Excerpts from a dataset:
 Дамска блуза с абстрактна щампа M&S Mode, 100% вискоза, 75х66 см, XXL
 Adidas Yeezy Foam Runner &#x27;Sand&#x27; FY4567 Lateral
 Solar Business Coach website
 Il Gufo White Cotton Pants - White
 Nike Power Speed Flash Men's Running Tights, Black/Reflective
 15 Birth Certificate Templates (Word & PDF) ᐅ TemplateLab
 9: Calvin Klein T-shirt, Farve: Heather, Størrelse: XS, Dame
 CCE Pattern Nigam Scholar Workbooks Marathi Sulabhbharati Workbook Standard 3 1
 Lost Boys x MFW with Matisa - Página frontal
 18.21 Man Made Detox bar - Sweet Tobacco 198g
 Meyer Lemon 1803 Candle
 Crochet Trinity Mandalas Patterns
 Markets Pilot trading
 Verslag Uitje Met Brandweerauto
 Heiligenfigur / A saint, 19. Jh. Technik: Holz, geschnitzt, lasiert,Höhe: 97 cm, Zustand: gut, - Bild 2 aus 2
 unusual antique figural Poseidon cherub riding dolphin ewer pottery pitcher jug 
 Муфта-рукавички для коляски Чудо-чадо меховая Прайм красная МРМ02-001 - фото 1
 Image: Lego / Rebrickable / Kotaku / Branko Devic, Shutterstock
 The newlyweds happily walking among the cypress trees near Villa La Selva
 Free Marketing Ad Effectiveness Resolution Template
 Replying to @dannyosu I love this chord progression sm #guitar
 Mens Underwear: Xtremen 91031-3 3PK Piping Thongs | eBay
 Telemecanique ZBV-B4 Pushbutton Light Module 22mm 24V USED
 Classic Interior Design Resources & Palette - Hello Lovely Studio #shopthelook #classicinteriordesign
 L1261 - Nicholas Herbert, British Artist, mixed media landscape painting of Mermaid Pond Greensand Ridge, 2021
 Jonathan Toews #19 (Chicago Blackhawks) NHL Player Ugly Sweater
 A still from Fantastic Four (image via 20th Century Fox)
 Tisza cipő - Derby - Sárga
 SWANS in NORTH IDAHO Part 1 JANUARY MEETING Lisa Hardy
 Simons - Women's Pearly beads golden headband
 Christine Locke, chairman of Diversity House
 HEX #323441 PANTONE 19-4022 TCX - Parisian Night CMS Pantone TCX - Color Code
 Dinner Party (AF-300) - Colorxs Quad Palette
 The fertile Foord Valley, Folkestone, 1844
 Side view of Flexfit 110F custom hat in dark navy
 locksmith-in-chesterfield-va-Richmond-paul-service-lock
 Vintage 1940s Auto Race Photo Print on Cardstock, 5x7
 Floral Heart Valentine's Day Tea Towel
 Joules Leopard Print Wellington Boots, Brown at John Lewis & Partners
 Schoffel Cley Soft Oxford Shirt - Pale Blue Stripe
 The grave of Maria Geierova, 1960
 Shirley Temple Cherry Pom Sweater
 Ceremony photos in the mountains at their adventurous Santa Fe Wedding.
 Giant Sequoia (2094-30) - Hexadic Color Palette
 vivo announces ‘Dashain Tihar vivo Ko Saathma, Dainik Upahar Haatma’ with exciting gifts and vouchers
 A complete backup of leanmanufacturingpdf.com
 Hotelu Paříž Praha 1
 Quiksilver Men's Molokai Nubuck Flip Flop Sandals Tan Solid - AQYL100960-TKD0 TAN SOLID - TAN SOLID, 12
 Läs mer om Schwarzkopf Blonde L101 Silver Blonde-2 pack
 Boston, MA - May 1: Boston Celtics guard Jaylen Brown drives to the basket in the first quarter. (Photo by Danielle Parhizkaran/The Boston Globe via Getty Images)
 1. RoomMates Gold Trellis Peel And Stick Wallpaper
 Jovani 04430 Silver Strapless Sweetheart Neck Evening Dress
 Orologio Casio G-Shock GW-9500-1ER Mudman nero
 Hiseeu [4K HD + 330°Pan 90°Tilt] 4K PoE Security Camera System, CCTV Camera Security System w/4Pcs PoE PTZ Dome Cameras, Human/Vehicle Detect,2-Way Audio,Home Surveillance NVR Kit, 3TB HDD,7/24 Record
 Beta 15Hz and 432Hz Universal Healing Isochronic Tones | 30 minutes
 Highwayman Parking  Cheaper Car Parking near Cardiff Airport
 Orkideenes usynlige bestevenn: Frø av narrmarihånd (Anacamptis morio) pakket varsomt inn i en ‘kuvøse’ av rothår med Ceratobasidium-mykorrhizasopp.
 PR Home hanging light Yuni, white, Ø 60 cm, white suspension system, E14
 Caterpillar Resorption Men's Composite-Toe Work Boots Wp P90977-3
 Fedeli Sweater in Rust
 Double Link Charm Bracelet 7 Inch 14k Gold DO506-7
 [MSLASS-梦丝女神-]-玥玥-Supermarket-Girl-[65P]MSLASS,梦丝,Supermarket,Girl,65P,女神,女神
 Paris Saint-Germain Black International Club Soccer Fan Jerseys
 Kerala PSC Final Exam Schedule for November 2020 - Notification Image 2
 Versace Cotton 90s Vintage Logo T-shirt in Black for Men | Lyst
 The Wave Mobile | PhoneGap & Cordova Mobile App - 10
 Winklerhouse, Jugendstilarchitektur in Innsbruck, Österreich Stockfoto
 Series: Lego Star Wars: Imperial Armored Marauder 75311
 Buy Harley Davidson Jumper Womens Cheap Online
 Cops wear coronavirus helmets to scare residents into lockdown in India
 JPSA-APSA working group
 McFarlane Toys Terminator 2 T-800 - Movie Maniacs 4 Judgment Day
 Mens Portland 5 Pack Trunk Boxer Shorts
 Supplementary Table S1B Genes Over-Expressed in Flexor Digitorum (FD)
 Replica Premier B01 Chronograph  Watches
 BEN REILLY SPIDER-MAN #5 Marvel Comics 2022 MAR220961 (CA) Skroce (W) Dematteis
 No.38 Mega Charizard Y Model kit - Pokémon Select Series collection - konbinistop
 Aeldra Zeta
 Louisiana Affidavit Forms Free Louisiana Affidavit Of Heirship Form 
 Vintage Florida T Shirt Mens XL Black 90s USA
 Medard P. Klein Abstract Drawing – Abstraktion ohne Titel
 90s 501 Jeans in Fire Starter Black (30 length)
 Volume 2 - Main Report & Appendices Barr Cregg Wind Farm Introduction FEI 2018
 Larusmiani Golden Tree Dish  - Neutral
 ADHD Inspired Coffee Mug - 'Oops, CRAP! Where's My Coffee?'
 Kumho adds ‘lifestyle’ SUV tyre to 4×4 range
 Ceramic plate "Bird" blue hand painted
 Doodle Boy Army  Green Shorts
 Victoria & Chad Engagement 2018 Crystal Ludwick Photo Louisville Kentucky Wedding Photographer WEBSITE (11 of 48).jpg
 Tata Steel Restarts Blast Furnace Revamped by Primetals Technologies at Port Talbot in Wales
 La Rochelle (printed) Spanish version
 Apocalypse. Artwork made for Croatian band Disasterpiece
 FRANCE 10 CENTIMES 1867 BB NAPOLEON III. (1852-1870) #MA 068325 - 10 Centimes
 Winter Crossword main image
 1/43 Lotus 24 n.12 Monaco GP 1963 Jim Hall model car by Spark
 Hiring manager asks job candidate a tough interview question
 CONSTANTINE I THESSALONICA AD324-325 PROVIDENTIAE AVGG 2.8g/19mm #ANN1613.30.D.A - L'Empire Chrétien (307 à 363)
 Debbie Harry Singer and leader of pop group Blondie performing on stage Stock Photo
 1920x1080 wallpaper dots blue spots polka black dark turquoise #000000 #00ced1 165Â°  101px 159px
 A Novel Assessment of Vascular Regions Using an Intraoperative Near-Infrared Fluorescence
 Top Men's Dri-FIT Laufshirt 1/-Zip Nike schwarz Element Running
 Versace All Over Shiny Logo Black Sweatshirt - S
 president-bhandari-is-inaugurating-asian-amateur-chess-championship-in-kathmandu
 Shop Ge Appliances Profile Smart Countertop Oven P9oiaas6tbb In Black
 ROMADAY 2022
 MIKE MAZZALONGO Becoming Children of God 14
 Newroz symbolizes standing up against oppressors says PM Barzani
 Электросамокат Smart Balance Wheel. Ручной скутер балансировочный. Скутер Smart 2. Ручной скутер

== Task directions ==
All that is wanted is a faithful reproduction of the line above with "Aeldra Zeta", the line with "90s 501 Jeans", and every line in between.

== Answer to this problem ==
 Aeldra Zeta
 Louisiana Affidavit Forms Free Louisiana Affidavit Of Heirship Form 
 Vintage Florida T Shirt Mens XL Black 90s USA
 Medard P. Klein Abstract Drawing – Abstraktion ohne Titel
 90s 501 Jeans in Fire Starter Black (30 length)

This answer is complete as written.